== Data block ==

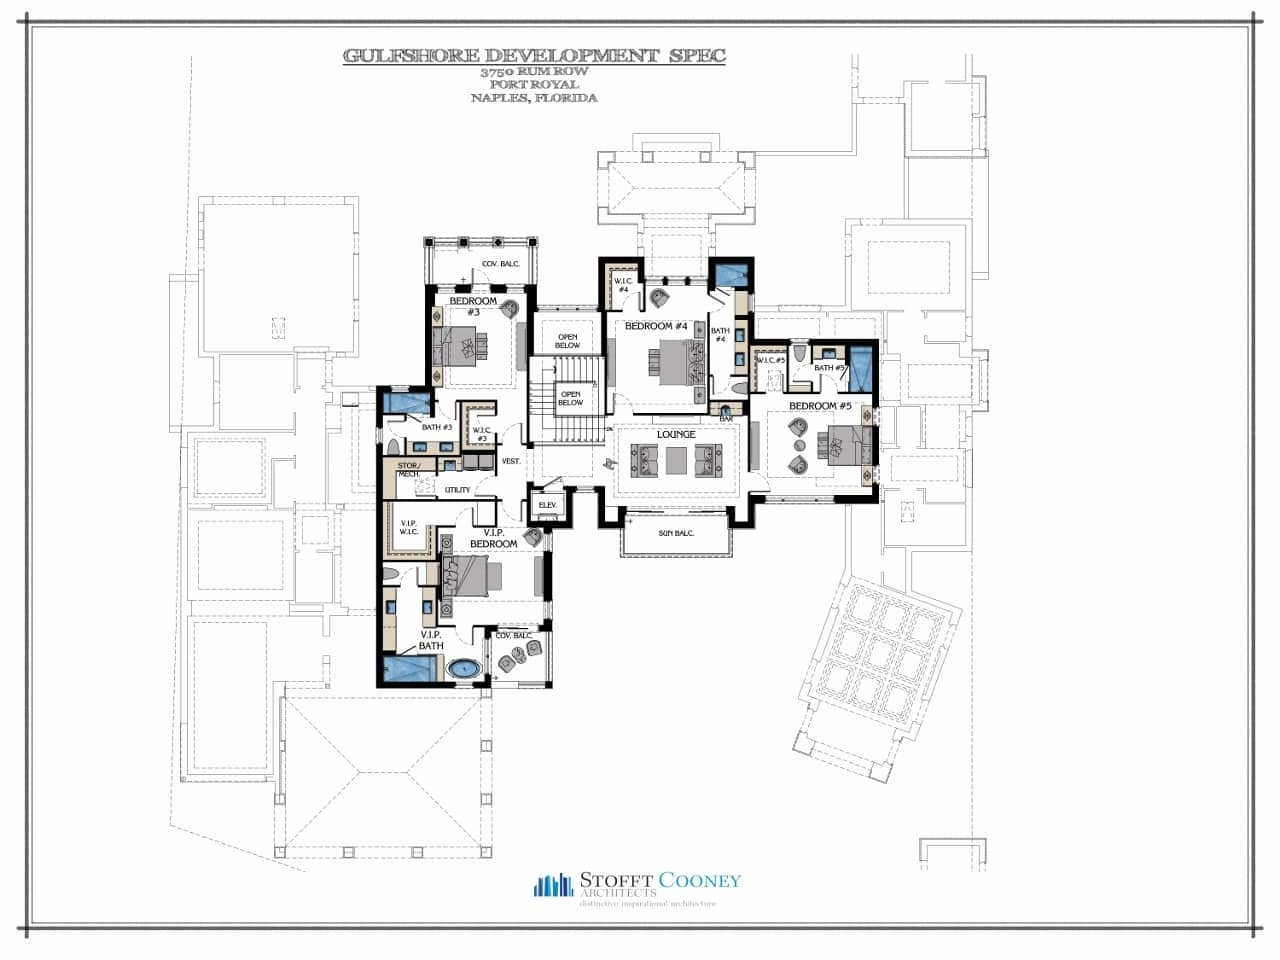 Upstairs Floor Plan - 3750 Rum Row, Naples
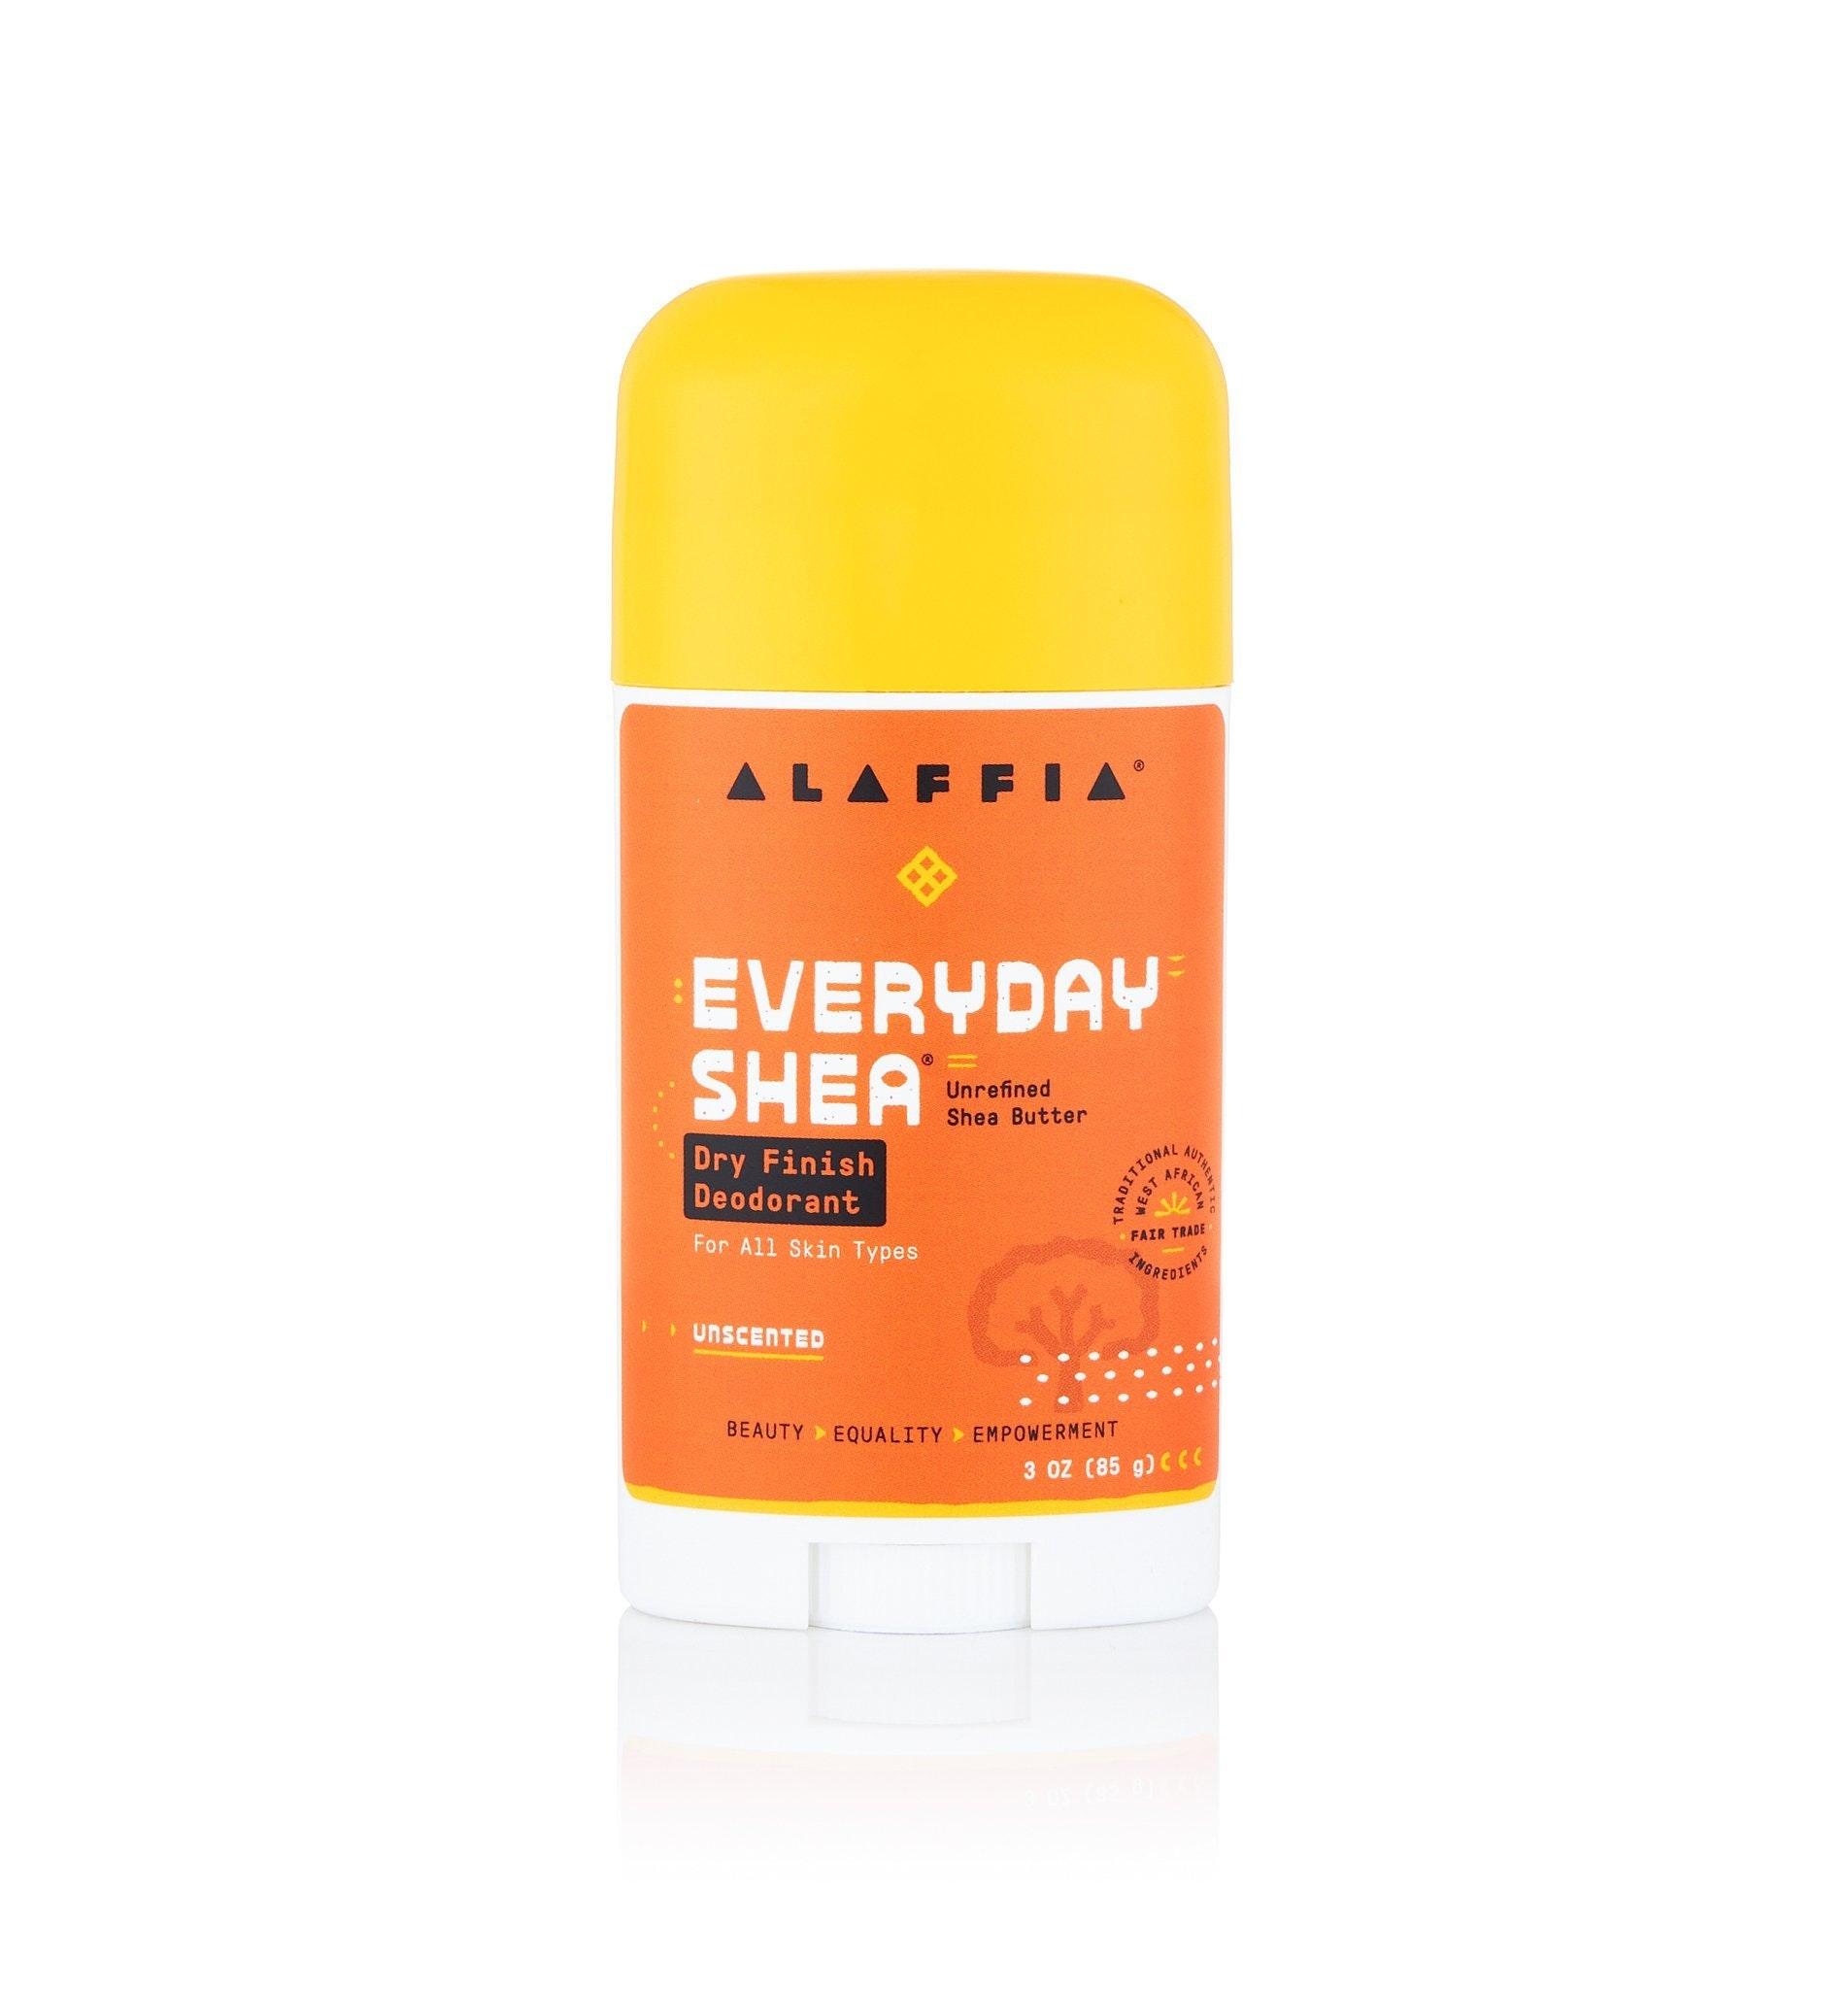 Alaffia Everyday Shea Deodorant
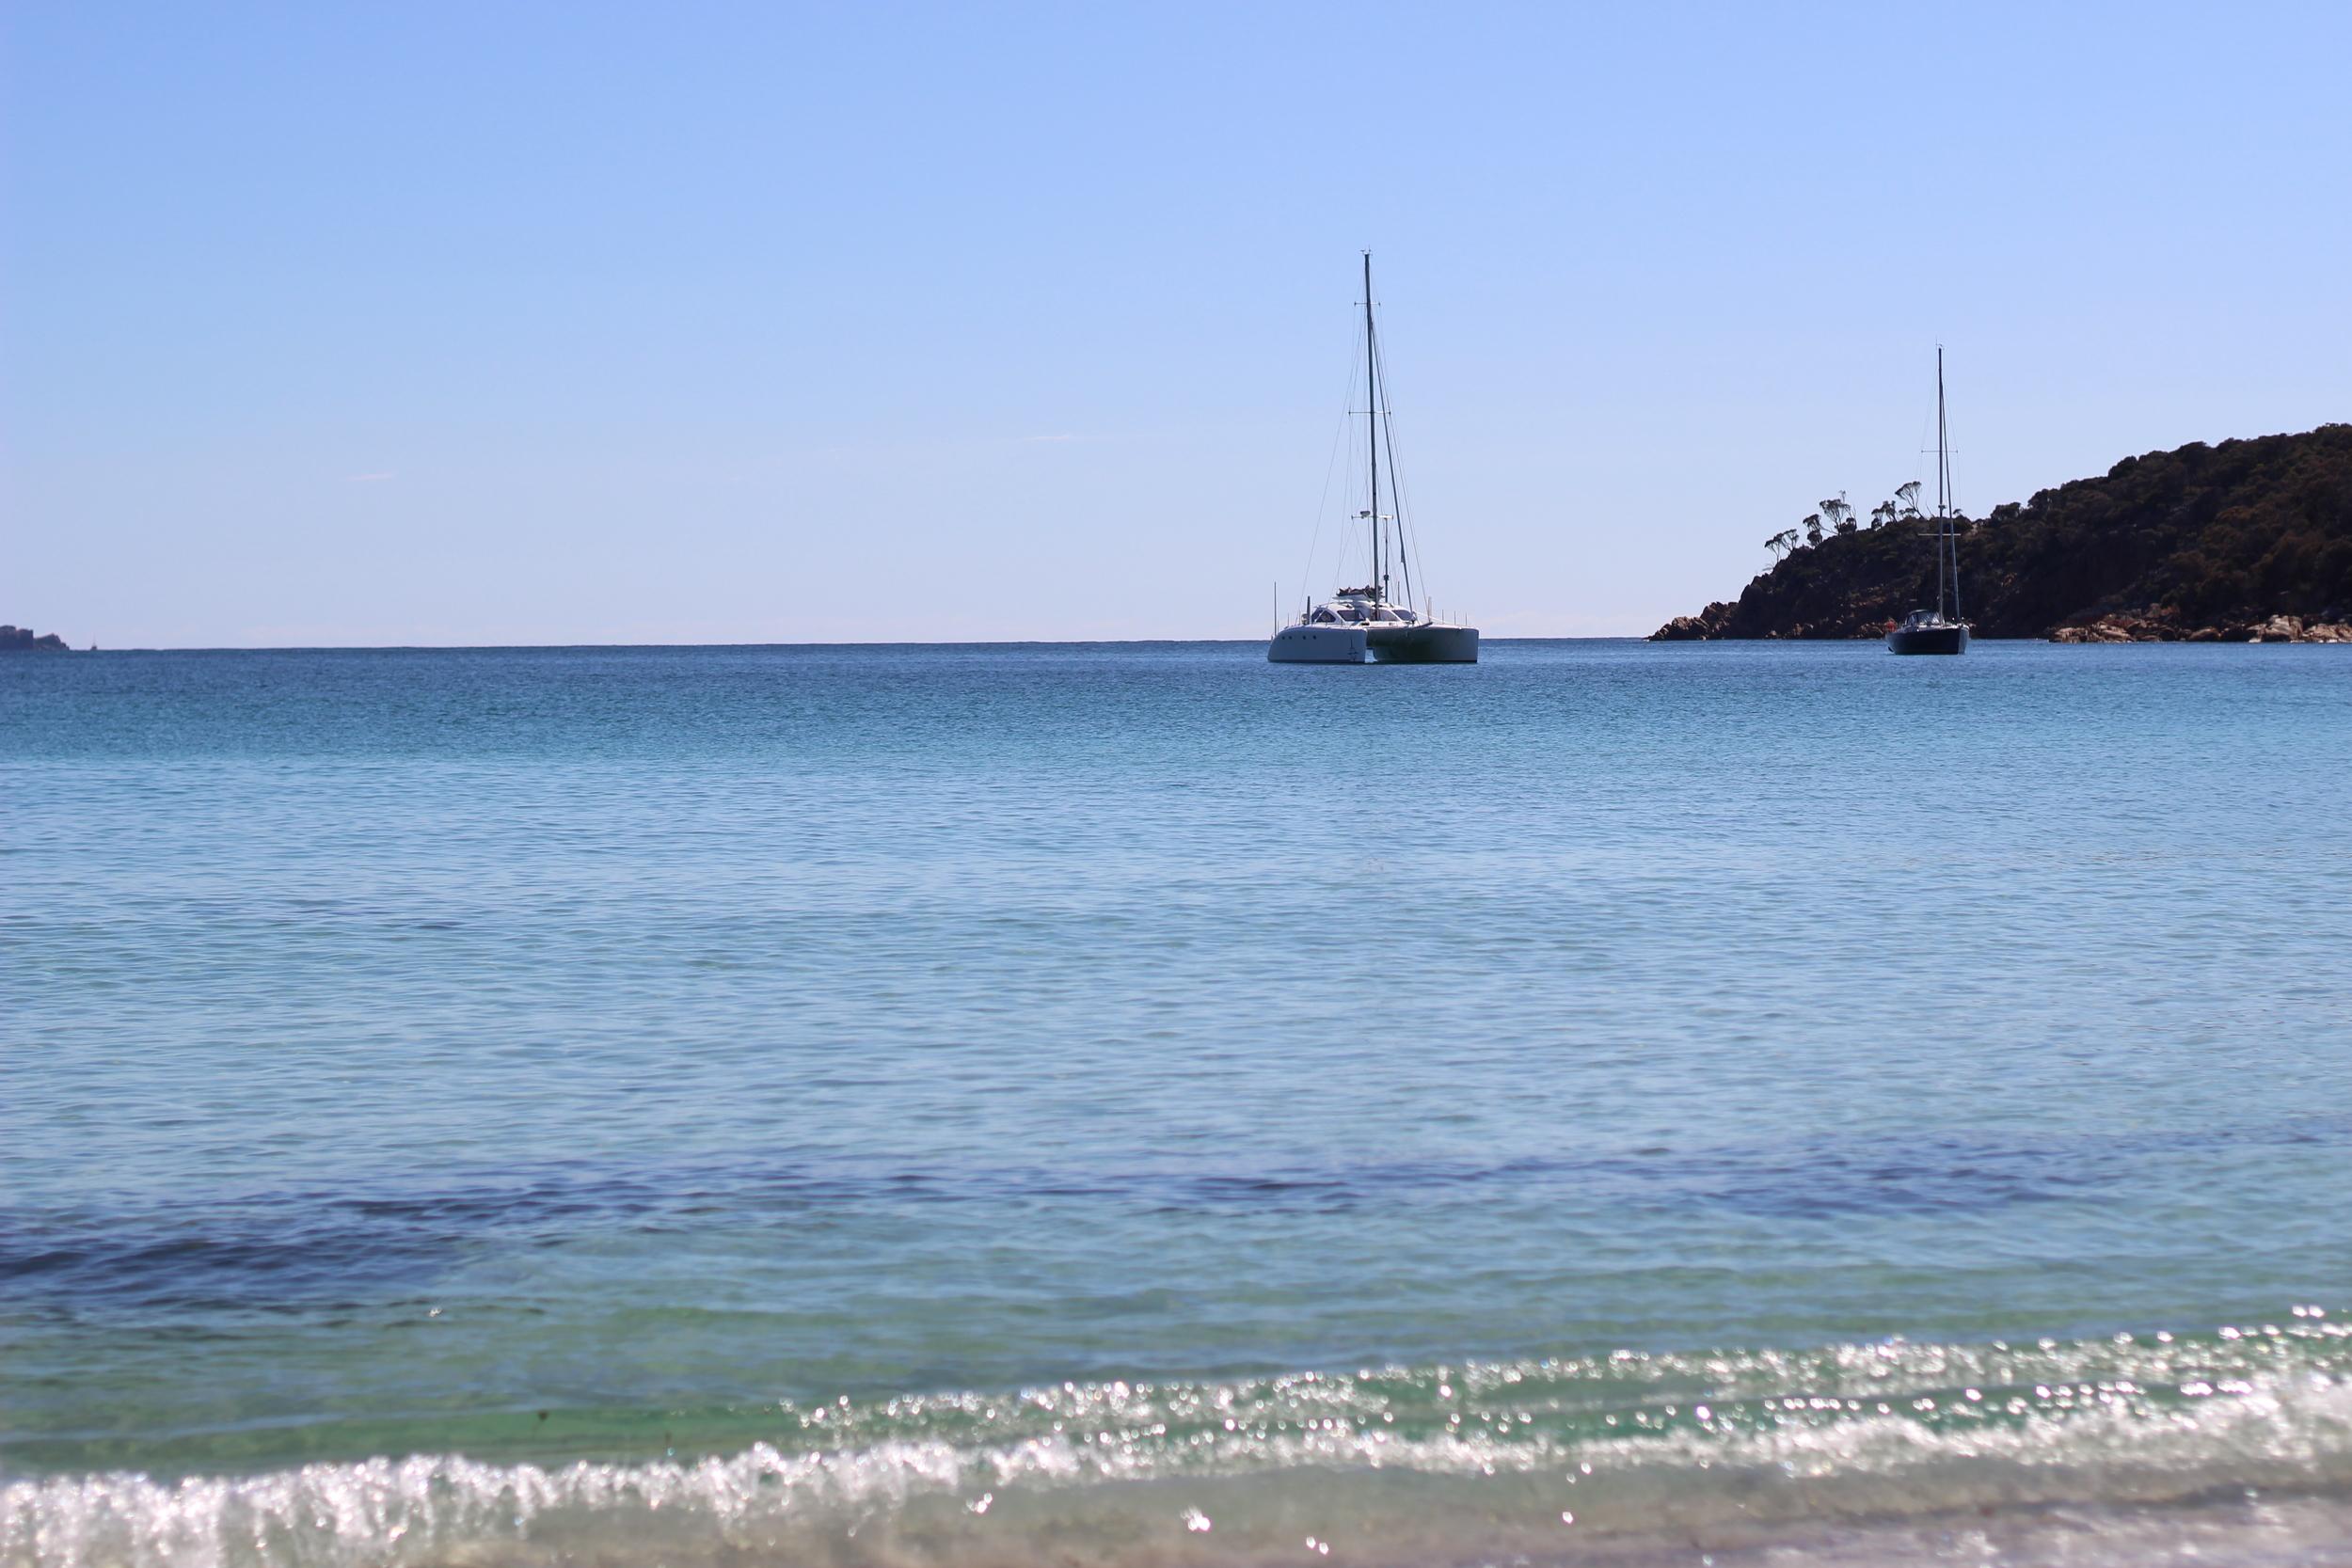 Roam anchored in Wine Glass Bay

== What needs to be done ==
Would you repeat the complete listing exactly, excluding each picture it holds?

== Exercise result ==
 Upstairs Floor Plan - 3750 Rum Row, Naples
 Alaffia Everyday Shea Deodorant
 Roam anchored in Wine Glass Bay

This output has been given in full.